Louise O. Fresco, president of the executive board of Wageningen University & Research (WUR), calls for a structured intergovernmental dialogue between scientists, policy makers and businesses. Only then will the world be able to address problems in current food systems. Fresco made her point during an online pre-summit of the United Nations Food Systems Summit (UNFFS). The main summit will be held in September.
According to Fresco the main summit in September should not be the end but merely a beginning of an ongoing conversation. In this continuous dialogue, there is no sense to talk about one food system, because there are ‘tens of thousands food systems’.

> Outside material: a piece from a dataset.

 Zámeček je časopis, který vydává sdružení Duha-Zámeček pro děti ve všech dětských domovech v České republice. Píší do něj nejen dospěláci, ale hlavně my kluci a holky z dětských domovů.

The president of WUR also talked about the need to restore trust. “Many people recognize the importance of agriculture, food and nutrition, but there is no general consensus on the way ahead. Many industrialized western countries food has become a bone of contention. There are so many areas of discourse; animal welfare, climate change, use of chemicals and genetic techniques. Often there is miscommunication or misinformation, but also differences in opinion. This increasingly leads to confusion, and even doubts about the scientific evidence base. Science seems to become more a supermarket of ideas and facts are construed, no more than an expression or partial interests and values. This results in a lack of trust and disagreement about the best way forward.”

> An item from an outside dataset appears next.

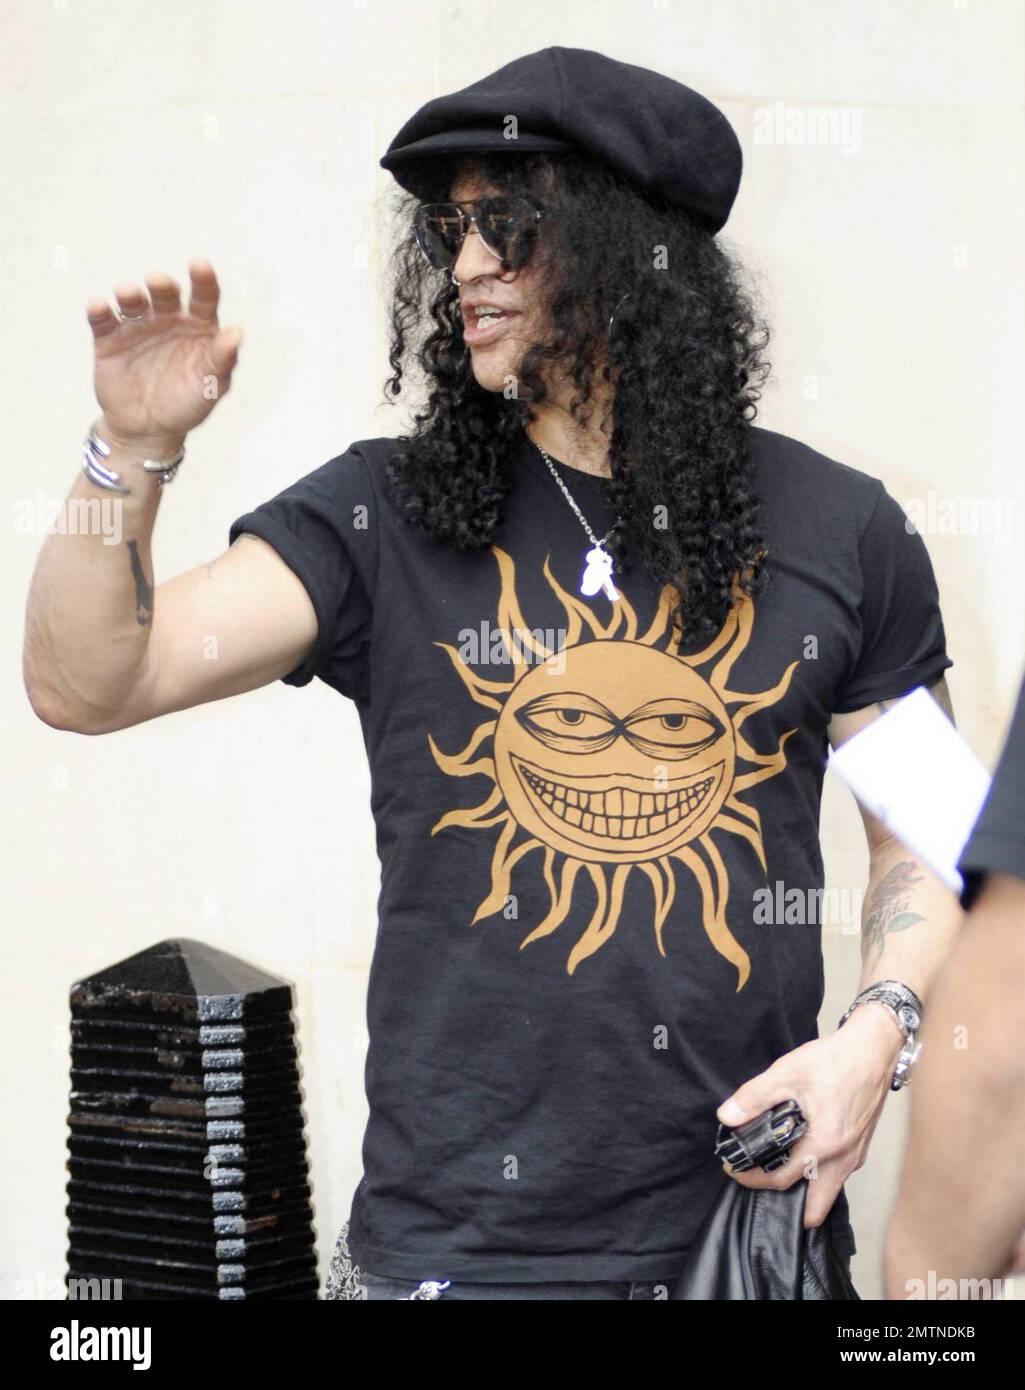 Il chitarrista rock Slash (Saul Hudson), canti il suo cappello, sembra  rilassato quando arriva al suo hotel di Londra, dove firma autografi per i  fan. Londra, Regno Unito. 05/27/10 Foto stock - Alamy

And yet there is need for science-based pathways. Fresco: “Science is an intersubjective learning process and increasingly engages with civil society. Science is truly international and can help policy makers and countries to determine new pathways forward and learn from others. In other words, science diplomacy. Time has come to bridge the gaps between science and policy, to overcome disagreements about facts, interests and values. Roundtables and dialogues are required that connect scientists, governments, civil society (including NGOs and consumer organizations) and private companies, including farmers. Above all creating trust and commitment to tackle food challenges is priority.”
Fresco’s statements were echoed by other participants of the pre-summit. Peter Bakker, president and CEO of the World Business Council for Sustainable Development (WBCSD), said he believes solutions to problems in food systems cannot be solved without answering important questions together. Questions such as ‘what is the true value of food’ are essential according to Bakker, in order to ‘mobilize businesses worldwide’. Louise O. Fresco closed the online pre-summit saying ‘mobilizing the private sector for the public good is essential’ when transforming food systems. Because there isn’t a single modern country in which ‘the government will bake the bread’.